Chain-of-thought reasoning: Large models (>50B params) can reason step-by-step when prompted, while small models can’t do this reliably
In-context learning: The ability to learn a new task from a few examples provided in the prompt — without any weight updates
Instruction following: Understanding nuanced, multi-part instructions
Code generation: Writing syntactically correct code in dozens of languages

Nobody fully understands why emergence happens. The leading hypothesis is that at some scale threshold, the model builds sufficiently rich internal representations to support these higher-order operations.

What LLMs Are Good At (and Bad At)

Strong Areas

Summarization and information extraction
Code generation and explanation
Translation across 100+ languages
Creative writing and ideation
Structured data extraction from text
Question answering over provided context

Known Weaknesses

Hallucination: Confidently generating false information. Especially problematic for specific numbers, dates, citations, and medical/legal facts.
Arithmetic: While reasoning models (o3, Gemini Thinking) are better, general LLMs struggle with multi-step numerical computation. Use a calculator tool.
Knowledge cutoff: No awareness of events after training data cutoff.
Sycophancy: Tendency to agree with the user’s framing even when wrong.
Long-context retrieval: Finding a specific fact in a 100K-token context is harder than it sounds (the “lost in the middle” problem).

The 2025–2026 Frontier

The frontier is moving fast. Key developments:

Reasoning Models: OpenAI o3, Gemini 2.0 Flash Thinking, and Claude 3.7 Sonnet all use extended “thinking” before answering — generating internal chain-of-thought tokens not shown to the user. Dramatically better at math, science, and multi-step logic.

Multimodal LLMs: GPT-4o, Claude 3.5, and Gemini 1.5 all natively understand images, PDFs, and in some cases audio. The distinction between “language model” and “foundation model” is blurring.

Small but Mighty: Phi-4 (14B), Gemma 3 (9B), and LLaMA 3.2 (3B) are showing that instruction-tuned small models on high-quality data can match earlier large models on many tasks.

Open Source Catching Up: As of 2025, open-source models (LLaMA 3.1 405B, Qwen 2.5 72B, Mistral Large) are competitive with or better than GPT-3.5 on most benchmarks, and approaching GPT-4 on specialized tasks.

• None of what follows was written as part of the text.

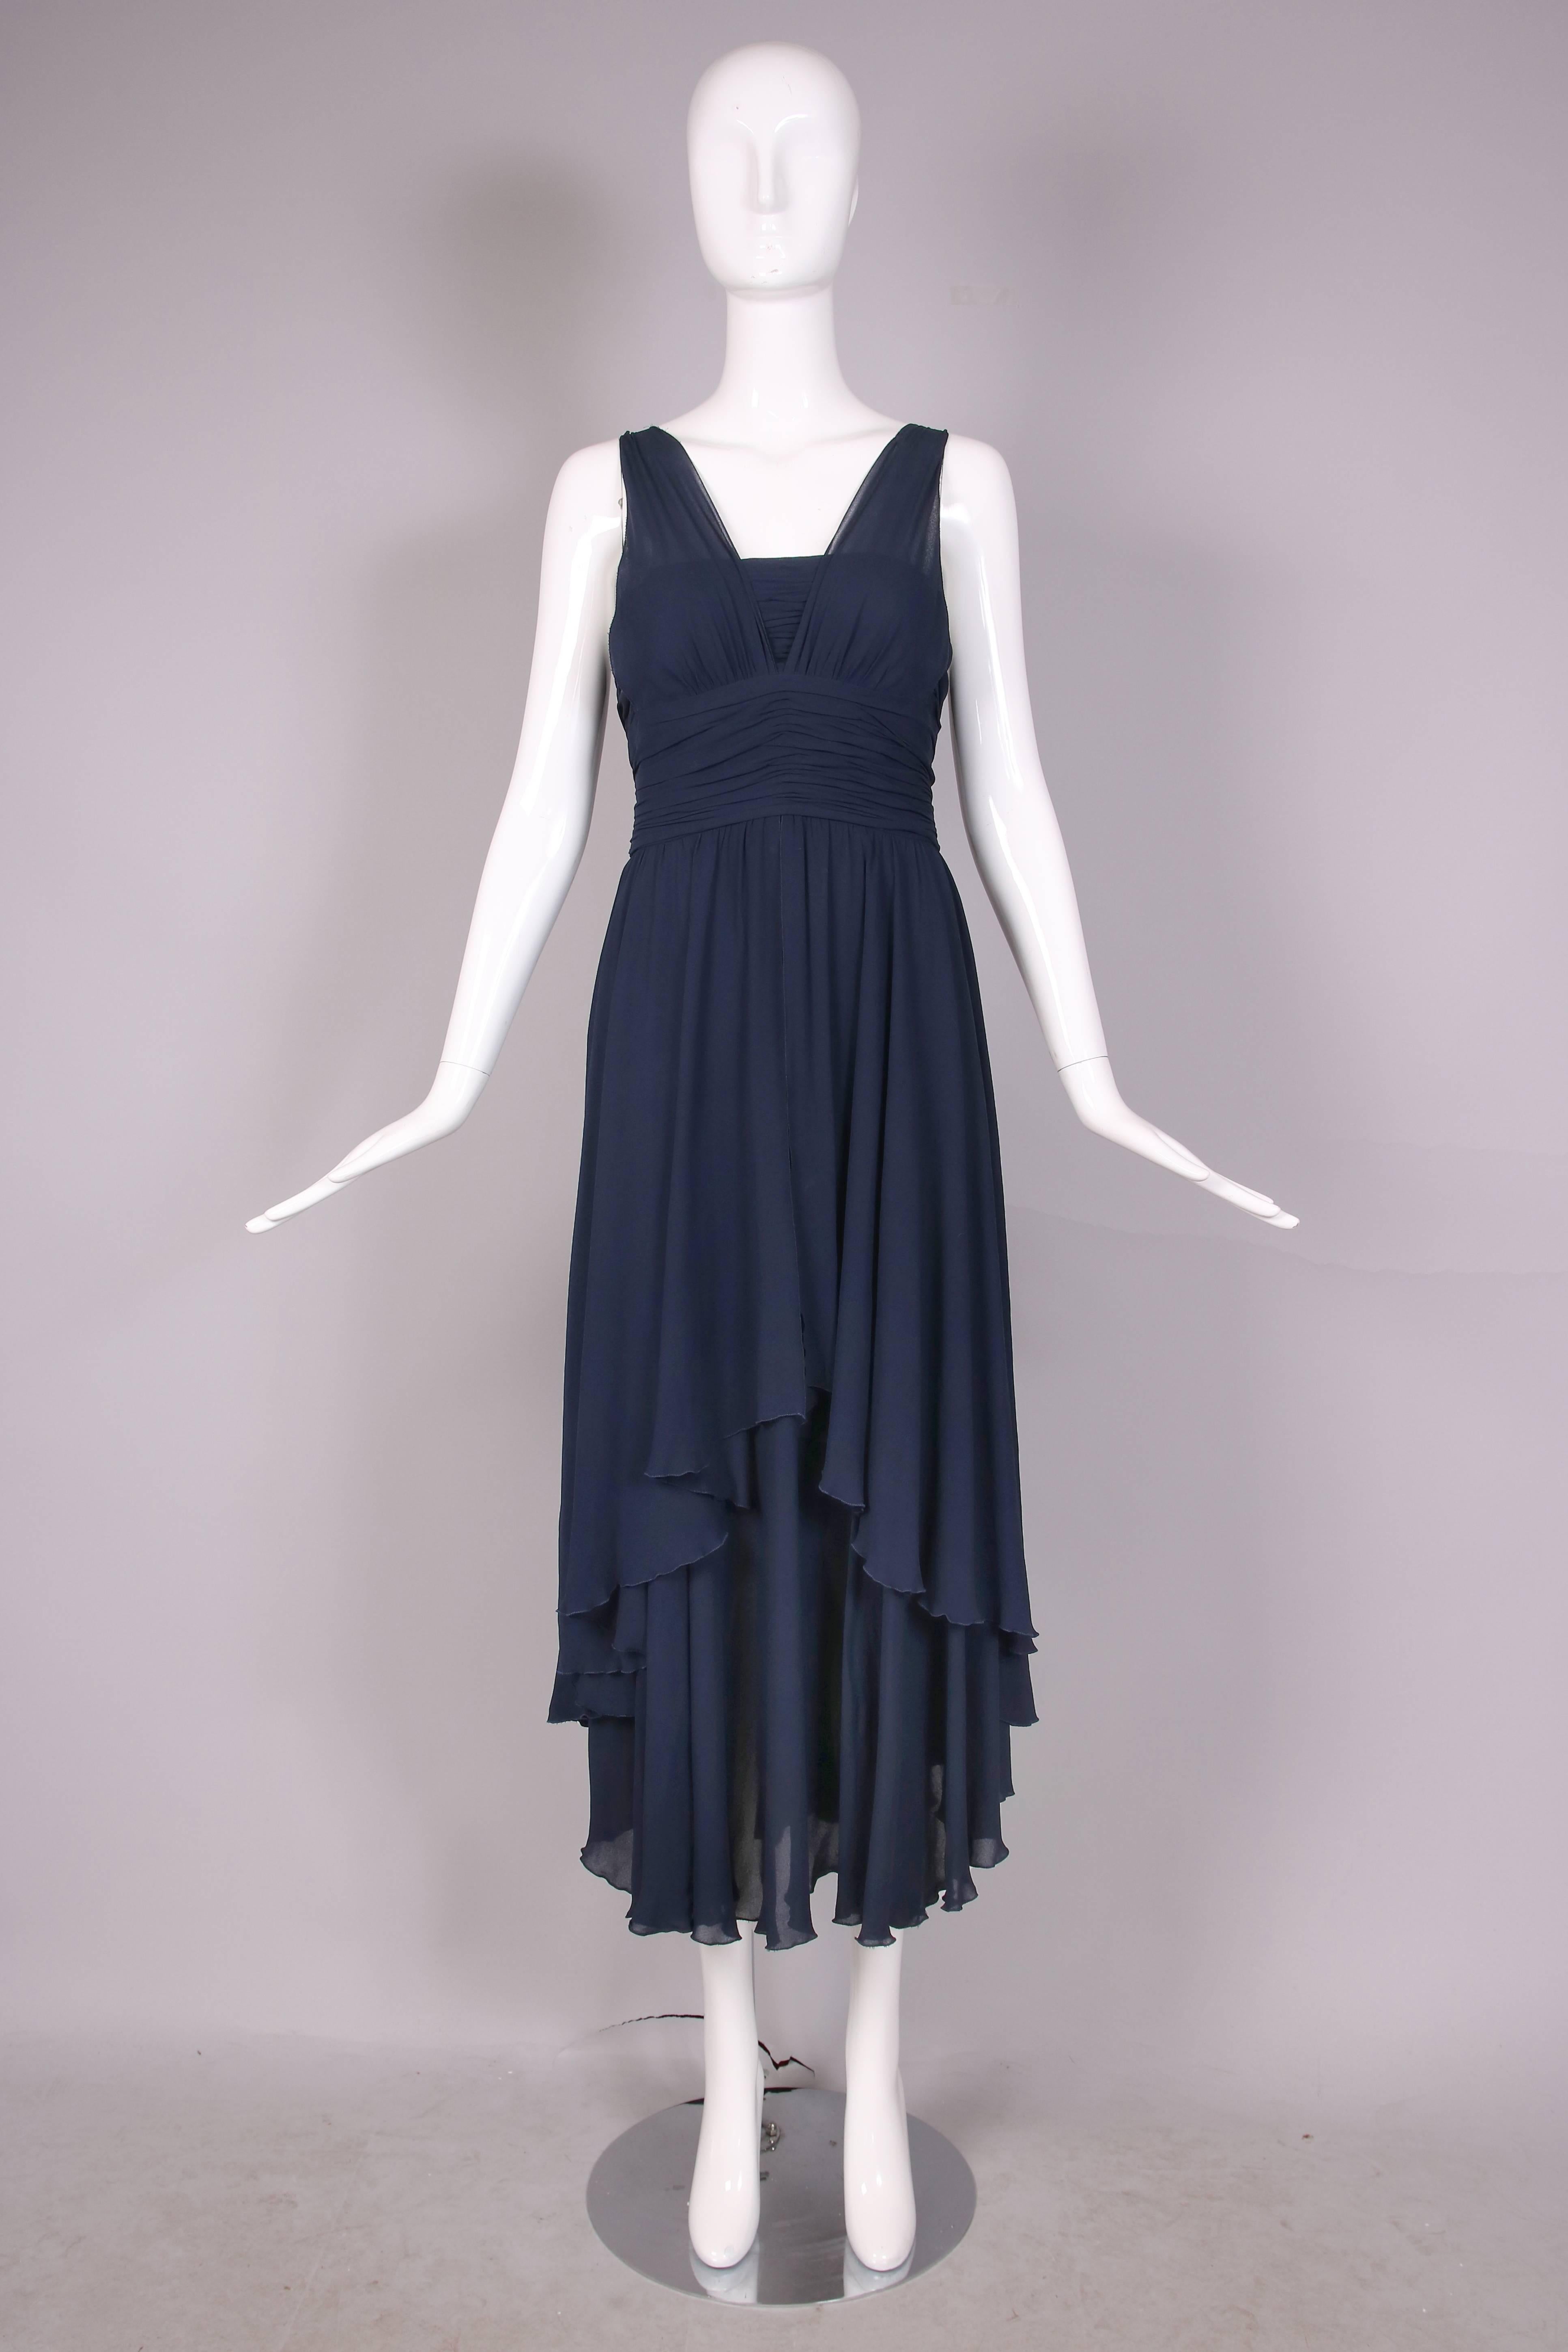 Vintage Chanel navy sheer crepe multi-layered evening dress with twin waterfall hem design at front and back and back bodice straps made out of iconic Chanel leather & chain. There is a zipper closure at bodice back which   features decorative CC

Picking the Right LLM for Your Use Case

Need low latency + low cost?      → Gemini Flash, Claude Haiku, LLaMA 3.1 8B
Need best reasoning?              → o3, Claude 3.7 Sonnet, Gemini 2.0 Pro
Need very long context?           → Gemini 1.5 Pro (1M), Claude 3.5 (200K)
Need to run locally?              → LLaMA 3.2, Mistral 7B, Phi-4
Need best code generation?        → GPT-4o, Claude 3.5 Sonnet, DeepSeek-Coder-V2
Need multilingual?                → Qwen 2.5, Aya (Cohere), mT5

No single model is best at everything. The right choice depends on your latency budget, cost per token, privacy requirements, and task type.